Re: RARA-AVIS: Re:Most Hard-Boiled?

From: DJ-Anonyme@webtv.net
Date: 19 Dec 2006


You gotta give Jim credit for sticking to his guns, new evidence be damned. He has always insisted that Duhamel alone had the right and power to define the literary genre of "noir" for all time. For instance, here's what Jim wrote in August, 2004:

"The term, as has been discussed here before, was coined by Marcel Duhamel, when he was assigned to develop a mystery line, which he called SERIE NOIR, for the French publisher Gallimard. As the guy who coined the term, he's the guy who set the parameters, and the parameters he set were pretty wide."

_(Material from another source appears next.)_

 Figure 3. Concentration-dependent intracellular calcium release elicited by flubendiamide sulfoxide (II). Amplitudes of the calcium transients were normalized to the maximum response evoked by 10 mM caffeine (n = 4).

Jim never offered Duhamel's own definition in his own words, though; instead, he employed inductive reasoning to interpret Duhamel's definition. Jim filtered the books down to the common elements of "dark and sinister."

Now, Al provides us with Duhamel's own words (which Karin kindly translated) about the elements a reader can expect in one of his noir novels. And nowhere do the words "dark and sinister" appear. In fact, he only discusses content, not atmosphere.

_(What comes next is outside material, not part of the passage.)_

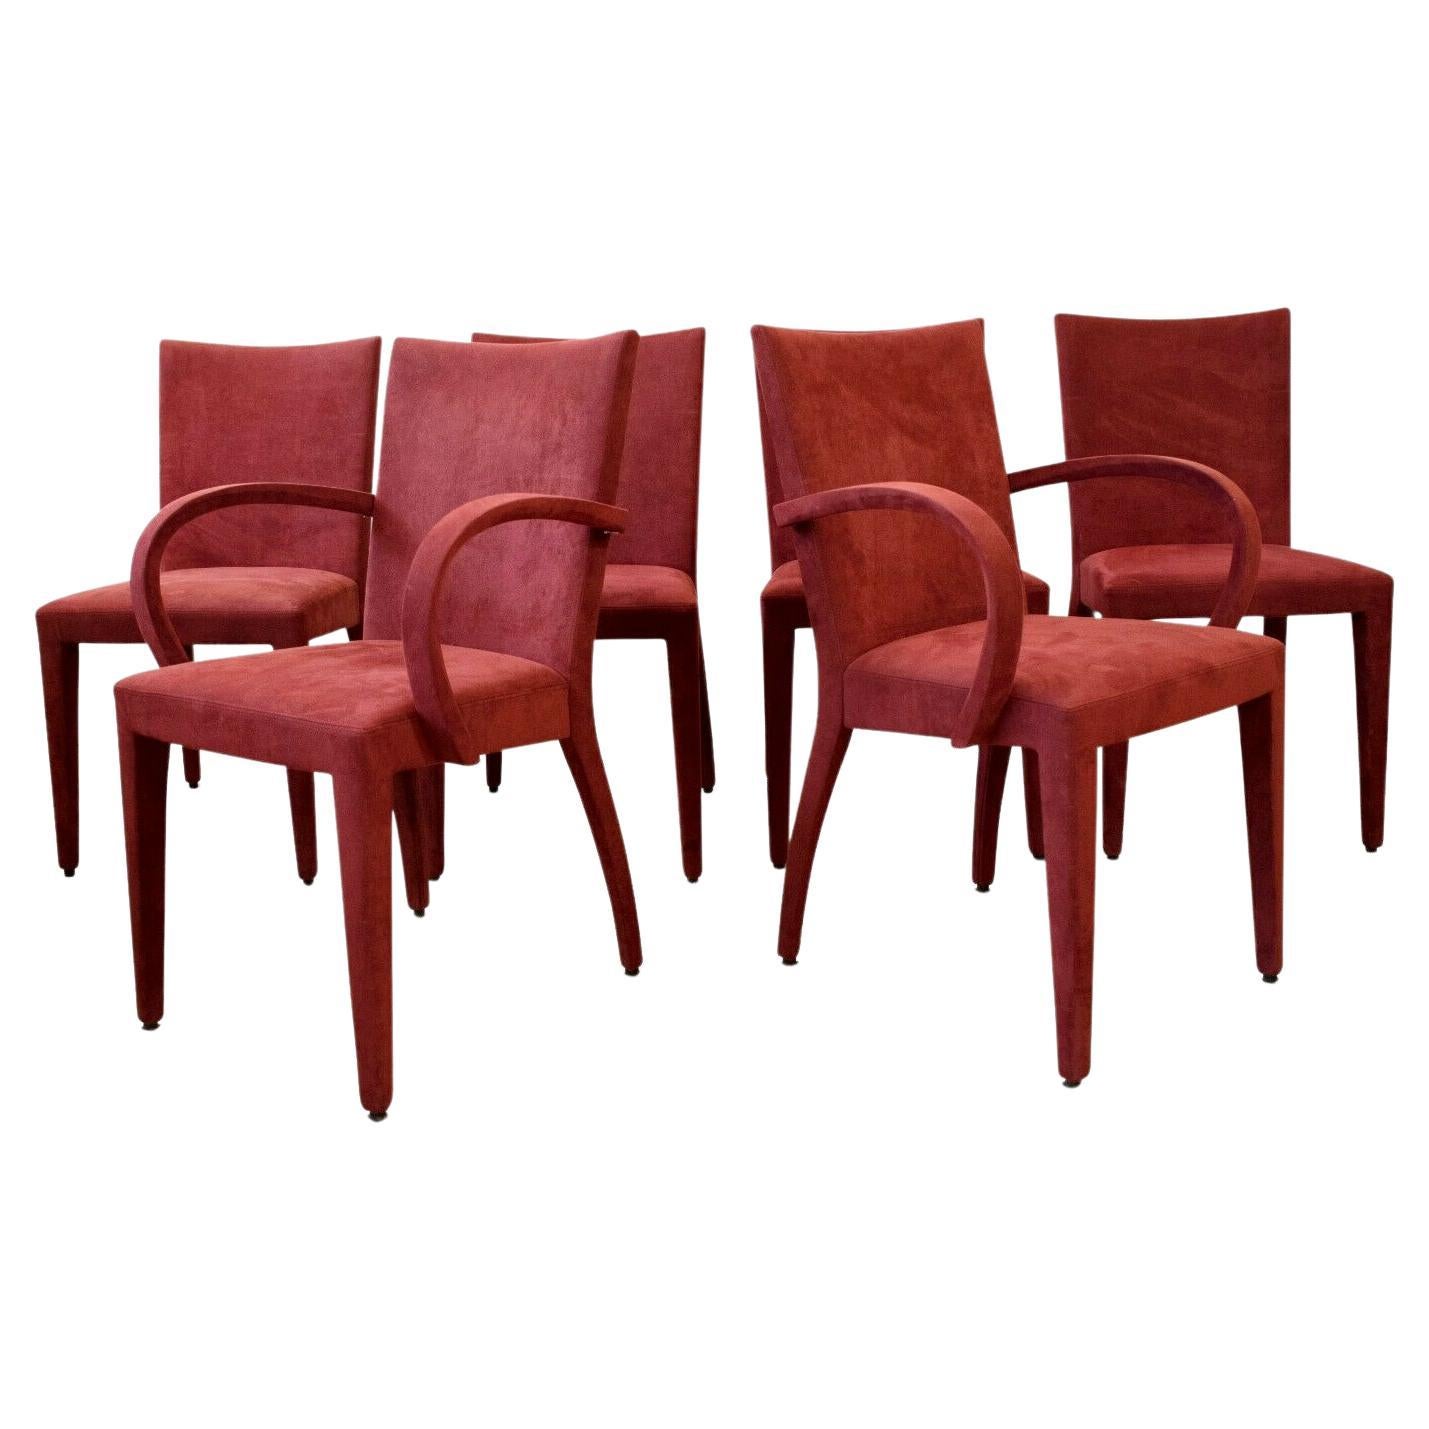 Set of 6 Roche Bobois Red Suede Dining Chairs

And all of the sudden, Jim knows better than Duhamel, the man he has constantly held up as the ultimate authority on the issue:

"As for Marcel Duhamel's comments, he isn't giving a definition. He's describing the subject matter that readers can expect."

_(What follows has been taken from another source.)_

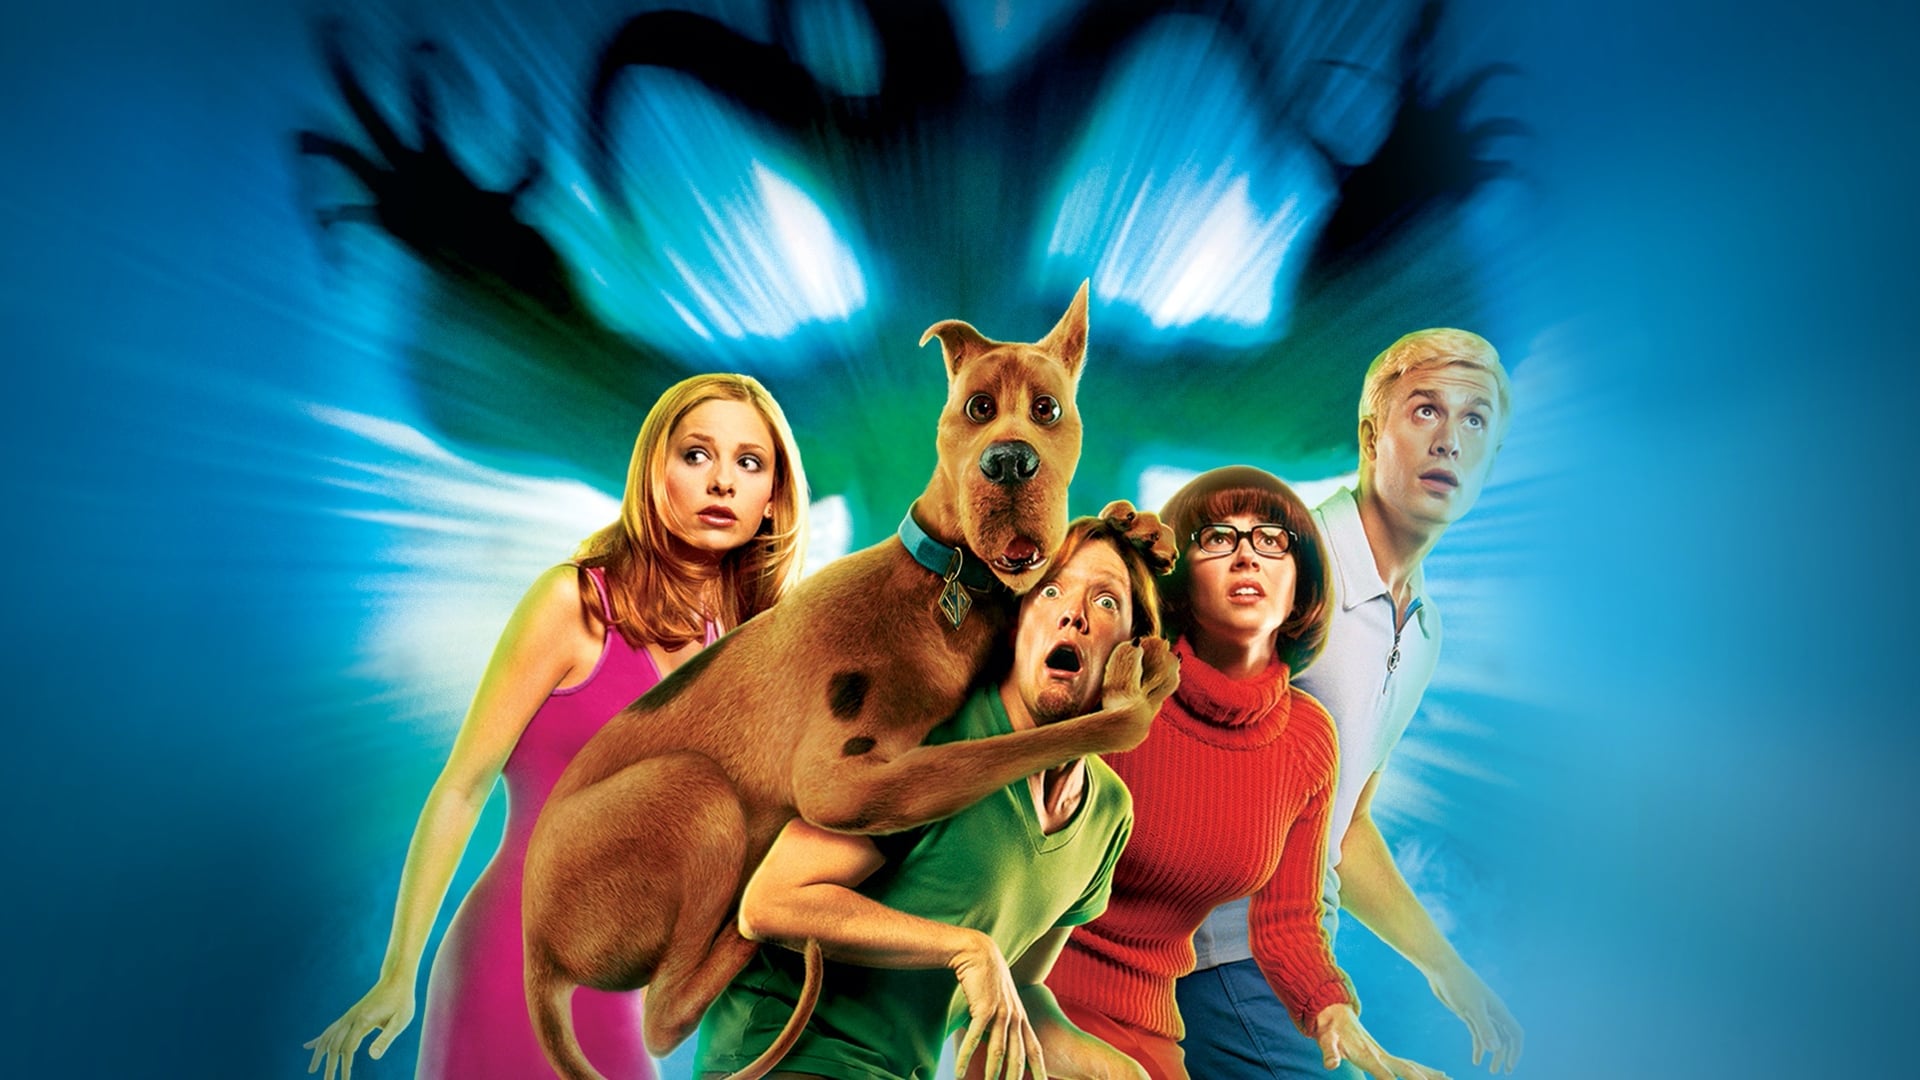 2 Games in 1 Double Pack: Scooby-Doo / Scooby-Doo 2: Monsters Unleashed

Well, as far as that goes, "dark and sinister" isn't a definition either, just a description of the presentation of "the subject matter that readers can expect." And reader expectations are not a defining characteristic of a literary genre? Isn't the goal of branding, as Duhamel was doing with Serie Noir, to place a common definition in consumers' minds?

"On the evidence of the books published in his line, it's clear that all the thing he brings up aren't in every single book he published. So it can't stand as a definition."

Can't they be a list of elements, each of which, alone or in combination, is sufficient, but not necessary to noir?

"On the other hand, the subject matter, and the way his writers treat that subject matter, sounds dark and sinister to me."

So, after contradicting Duhamel, he's now trying to fold his definition into his own? So "the guy who coined the term" is no longer "the guy who [gets to] set the parameters"? He needs Jim to interpret what he really meant?

Jim has always been fond of quoting Lewis Carroll when accusing others of making words mean whatever they want them to mean (usually while denying that the meaning of words can and do evolve). Is clinging to a definition in the face of its being contradicted by the man he claimed had the sole power to define it any better?